Unable to handle kernel NULL pointer dereference at virtual address 0000000c 
 printing eip: 
82293ebf 
*pde = 00004001 
Oops: 0000 [#1] 
SMP  
Modules linked in: i2c_dev i2c_core lock_dlm(U) gfs(U) lock_harness(U) ext3 jbd
dm_cmirror(U) dm_mirror dlm(U) cman(U) bonding(U) md5 ipv6 aoe(U) dm_mod button
battery ac uhci_hcd ehci_hcd tg3 sd_mod floppy ata_piix libata scsi_mod 
CPU:    0 
EIP:    0060:[<82293ebf>]    Not tainted VLI 
EFLAGS: 00010293   (2.6.9-67.0.7.ELhugemem)  

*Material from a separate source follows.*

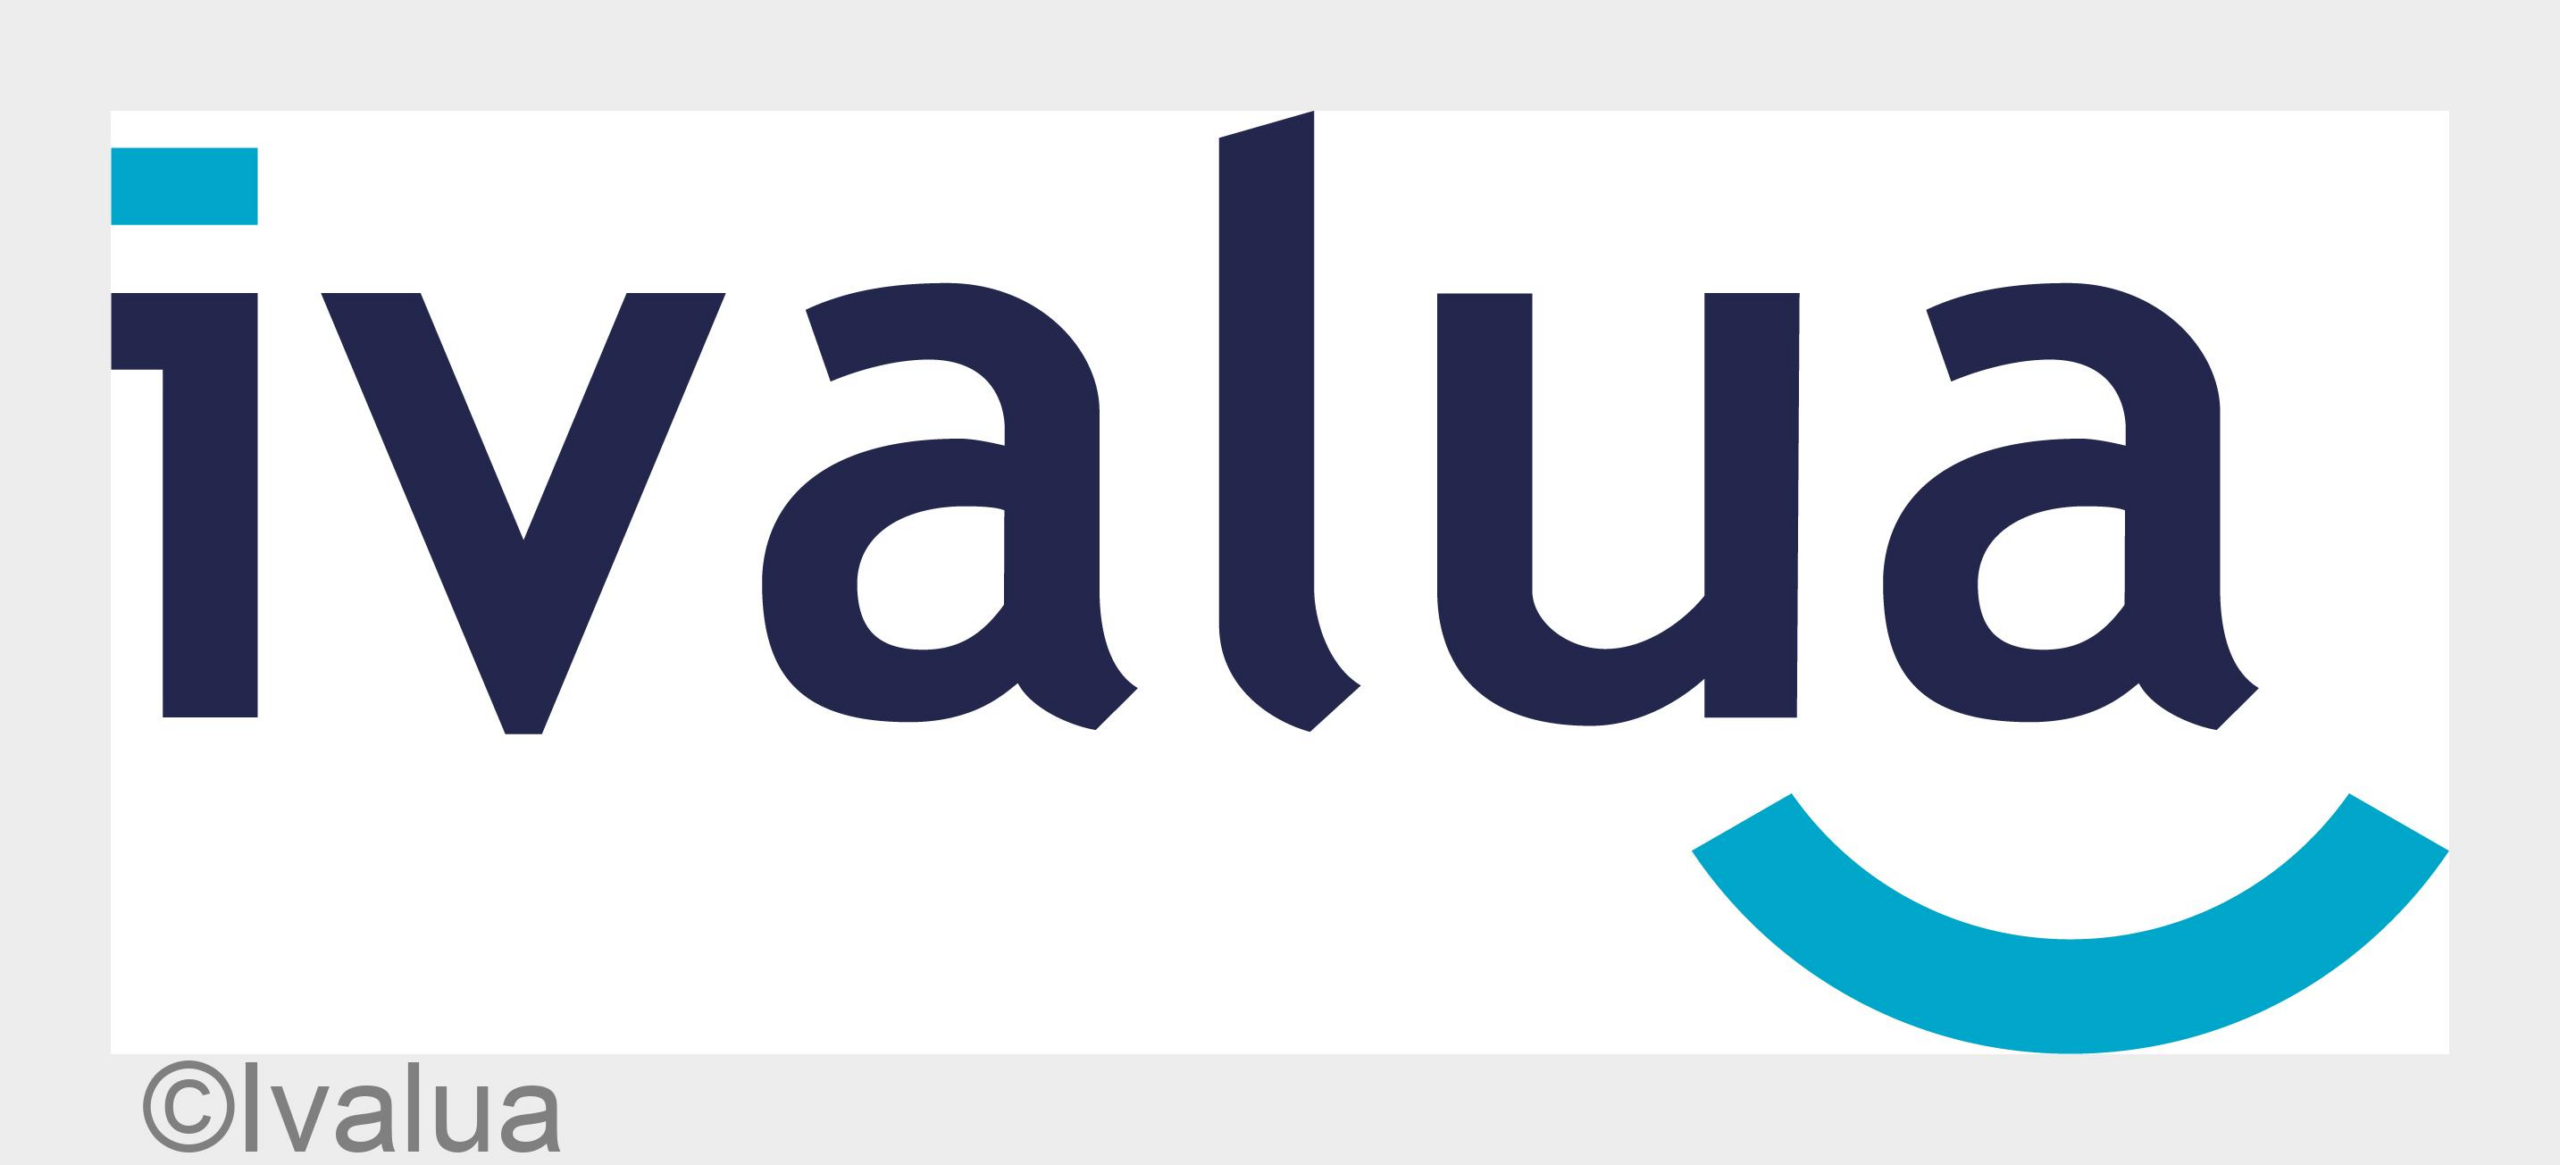 Ivalua integriert leistungsstarke KI in seine Spend-Management-Plattform

EIP is at add_to_queue+0x2c/0x27b [gfs] 
eax: 78a82030   ebx: 7767141c   ecx: 77671440   edx: 7fdfa524 
esi: 00000000   edi: 7fdfa4fc   ebp: 7fdfa4fc   esp: 70770eec 
ds: 007b   es: 007b   ss: 0068 
Process dod-upgrade-acc (pid: 10054, threadinfo=70770000 task=78a82030) 

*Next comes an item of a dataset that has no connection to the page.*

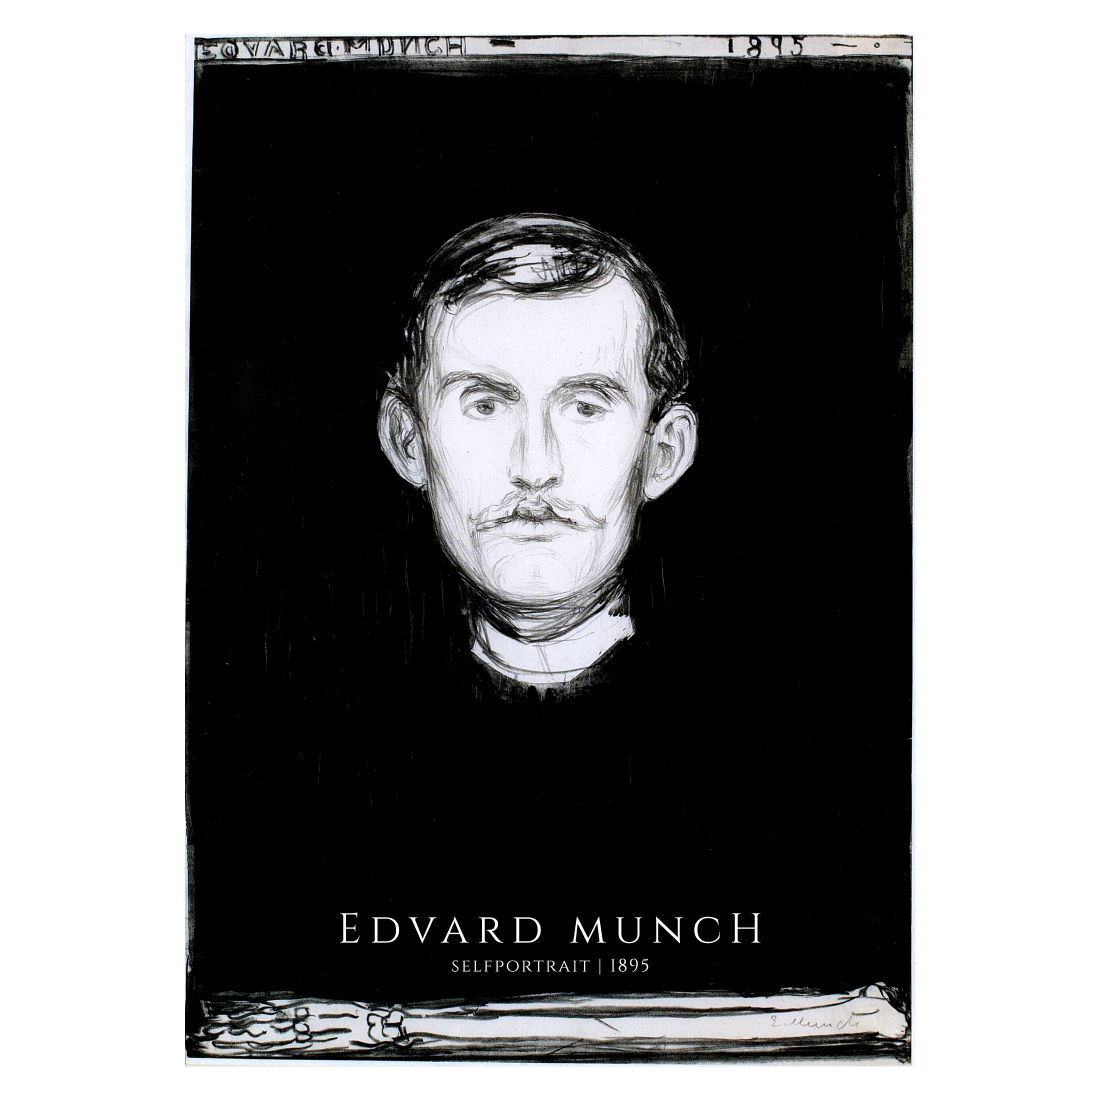 Kunstplakat med selvportræt af Edvard Munch

Stack: 8222d000 7fdfa518 7767141c 8222d000 7fdfa4fc 822941d6 00000000 70904b88  
       00000000 00000480 7767141c 822a95a1 7767141c 00000001 70904b88 77671400  
       743107ec 704d5380 7fdfa4fc 80688500 70770f90 7836b8e0 021ad19a 70770f58  
Call Trace: 
 [<822941d6>] gfs_glock_nq+0xc8/0x116 [gfs] 

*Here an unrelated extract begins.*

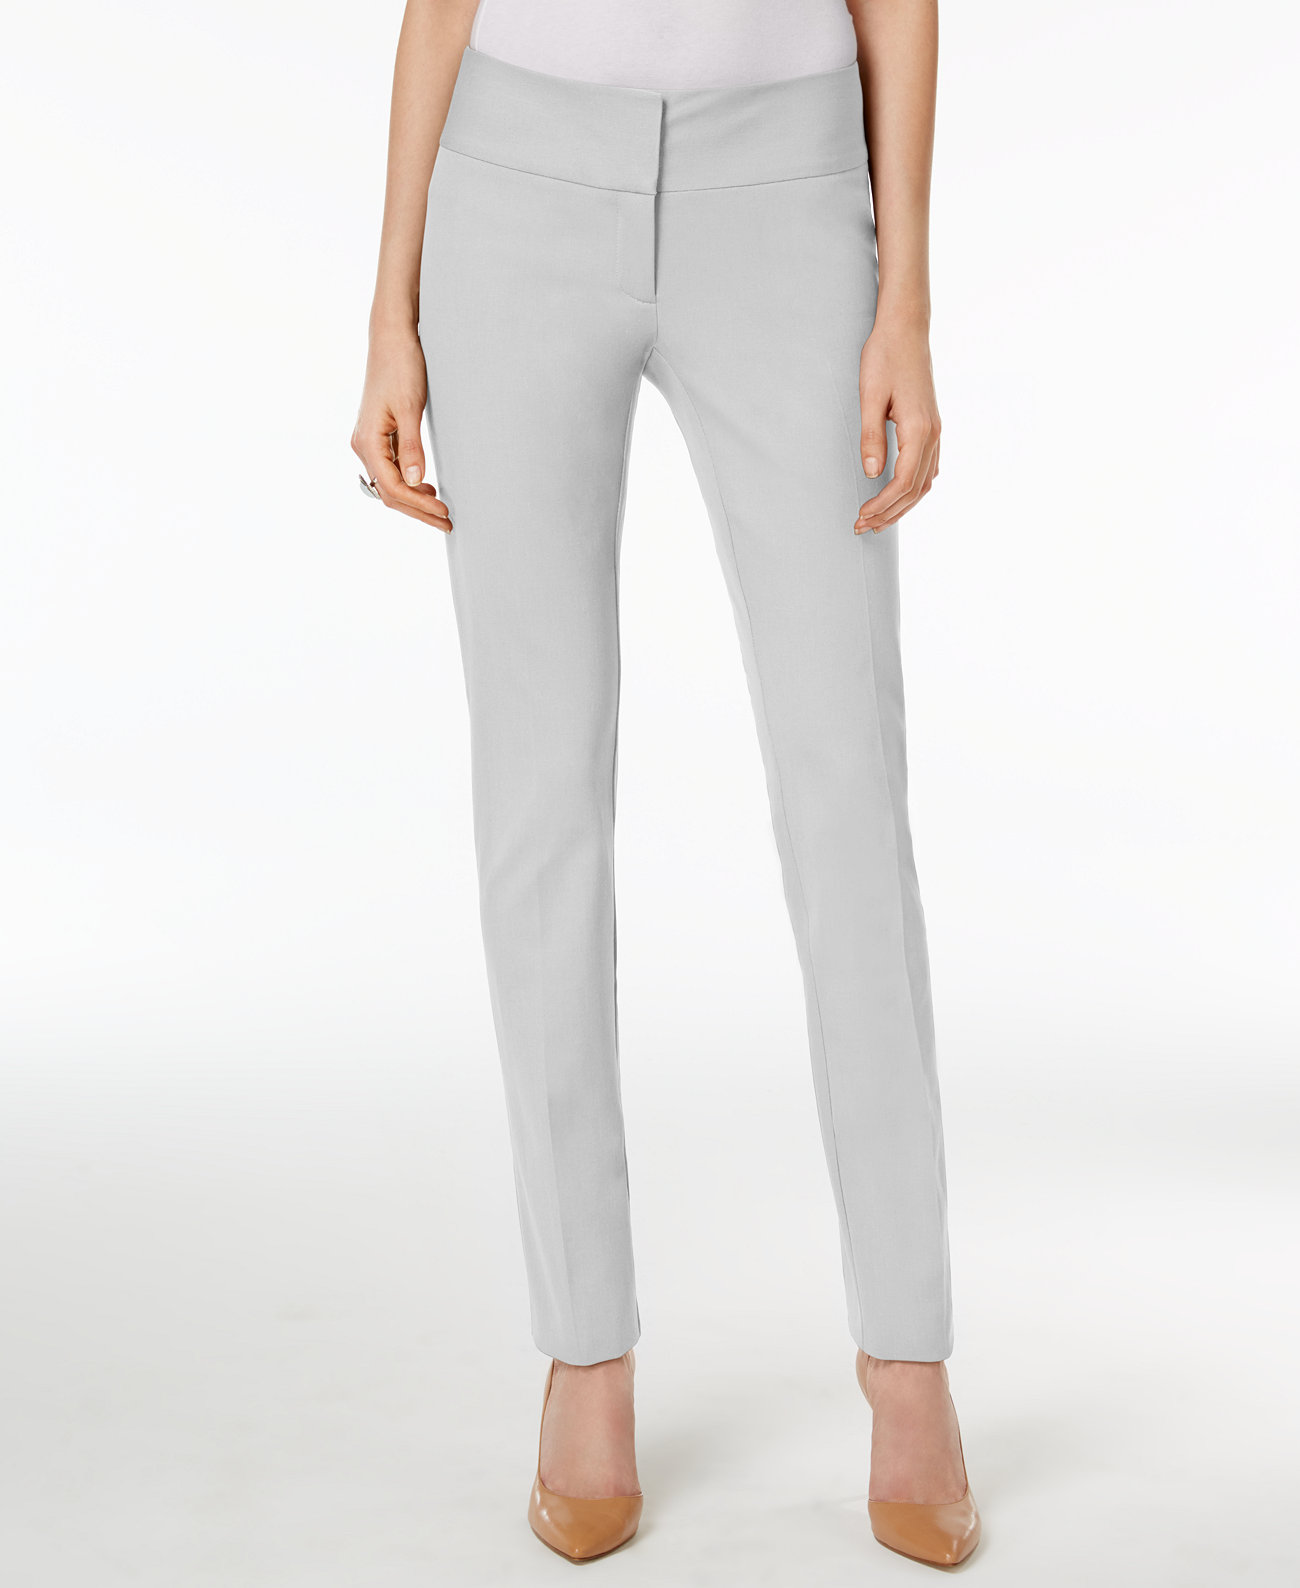 Slim Pants in Petite and Petite Short, Created for Macy's Alfani

 [<822a95a1>] do_flock+0x111/0x182 [gfs] 
 [<021ad19a>] selinux_file_lock+0x7f/0x88 
 [<822a9673>] gfs_flock+0x0/0x76 [gfs] 
 [<0216e462>] sys_flock+0x96/0x120 
Code: 57 56 53 89 c3 51 8b 78 08 8b 87 9c 00 00 00 89 04 24 8b 43 0c 85 c0 0f 84
29 02 00 00 8b 77 28 8d 57 28 39 d6 0f 84 f6 00 00 00 <39> 46 0c 0f 85 e6 00 00
00 f6 43 14 08 75 2d f6 46 14 08 74 27  
 <0>Fatal exception: panic in 5 seconds 

Even without a full fix, it would be good to find a way to avoid this.